Students may be asked to stake out a position, make an argument, or have a thesis as a way to articulate their paper's project in the introduction. While these terms are not interchangeable, they all share a focus on a writer's ability to define her project's assumptions, goals, and implications.
 

Action Horizon:

When we read and evaluate a student's project, we a particularly interested in whether or not that project has an action horizon. The action horizon, as we define it, is where the student imagines possibilities and solutions to the problems and issues raised by the assignment, by the reading, and by student's own project. The most effective articulations and explorations of a project's action horizon avoid simple solutions ("we should just ban biotech"), recognizing instead the complexity of real world problems and working through the texts and the student's own ideas to imagine new possibilities.

For more on the meaning of this term, please see "Teaching the Action Horizon," our introductory essay in the Teacher's Manual.

 
Organization: This is a fairly standard term in evaluating student work. In our criteria, we are interested in the degree to which the student's organization of the paper helps the student to define and develop his or her project. To achieve a working level of clarity, students should express, explain, and explore a central claim in each paragraph. The paper's paragraphs should connect logically to each other. In addition, the paragraphs should all work toward developing and supporting a paper's project. At more advanced levels, the organizational structure will grow more complex: it might incorporate the consideration of qualifications, exceptions, alternative explanations; the organization might also include the trademarks of the most experienced writers--digressions, extended anecdotes, sectioned arguments that are drawn together in the final pages.
 
Making Connections:

Because we believe that reading plays a central role in the writing process, we have emphasized through our assignments, our sequences, and through our choice of essays the important role that writing can play in making connections between different readings.

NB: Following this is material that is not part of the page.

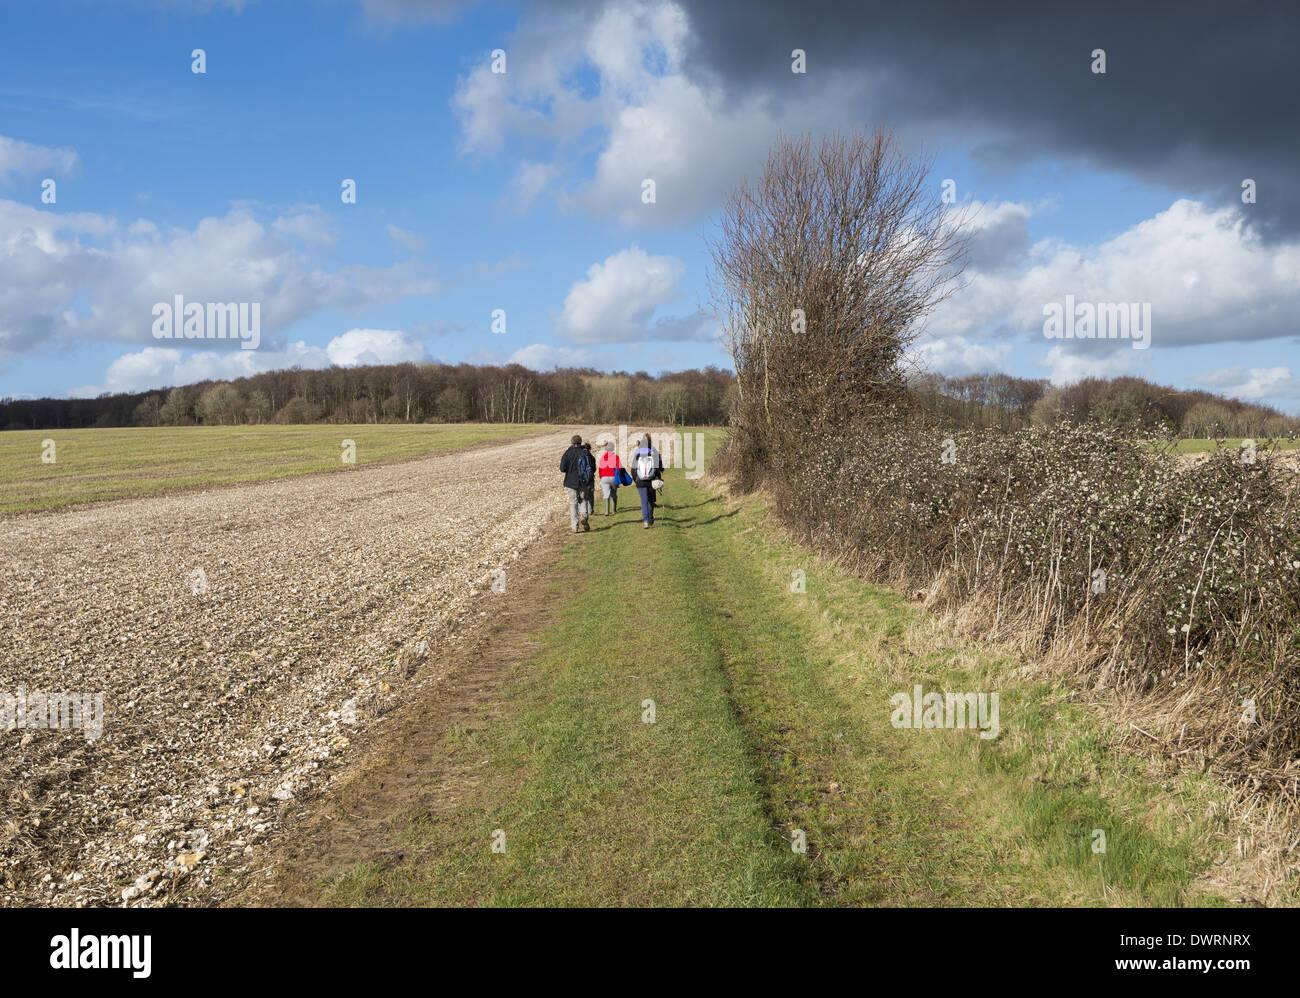 Groupe de jeunes gens marchant dans la campagne dans le Hampshire, England, UK Photo Stock

When writing is used in this way, it generates new thoughts and it fosters creativity, two activities that are not always linked to the work of the expository essay.

While we remain convinced of the importance of training students to work closely with the assigned readings and we continue to train them to demonstrate this work through the effective use of quotation, we also encourage our students to think more broadly about what work they can do with the assigned texts. While close reading is a skill that is highly valued in some writing practices, one need not search far in the university to find examples of highly valued ways of writing that rely more heavily on paraphrase and summary. What we hope to encourage through our grading criteria is a kind of thinking that doesn't define the end point as being an iron clad, fully supported rendering of one of the assigned readings in the NHR; we'd rather that the students learn how to use the readings to generate new questions, explore unfamiliar terrain, and work out new ideas. Making connections of this sort can't be done if one reads without comprehension; it also can't be realized if one's highest concern is fidelity to every nuance of the assigned readings.

 
Following Conventions: A student will need to follow citation conventions, as described by the instructor, the Writing Program, and the university. The words and ideas of others need to be acknowledged as appropriate throughout the paper. A student should identify the source of quotations, the source of paraphrased ideas and facts, and the author, title, and context of each source text.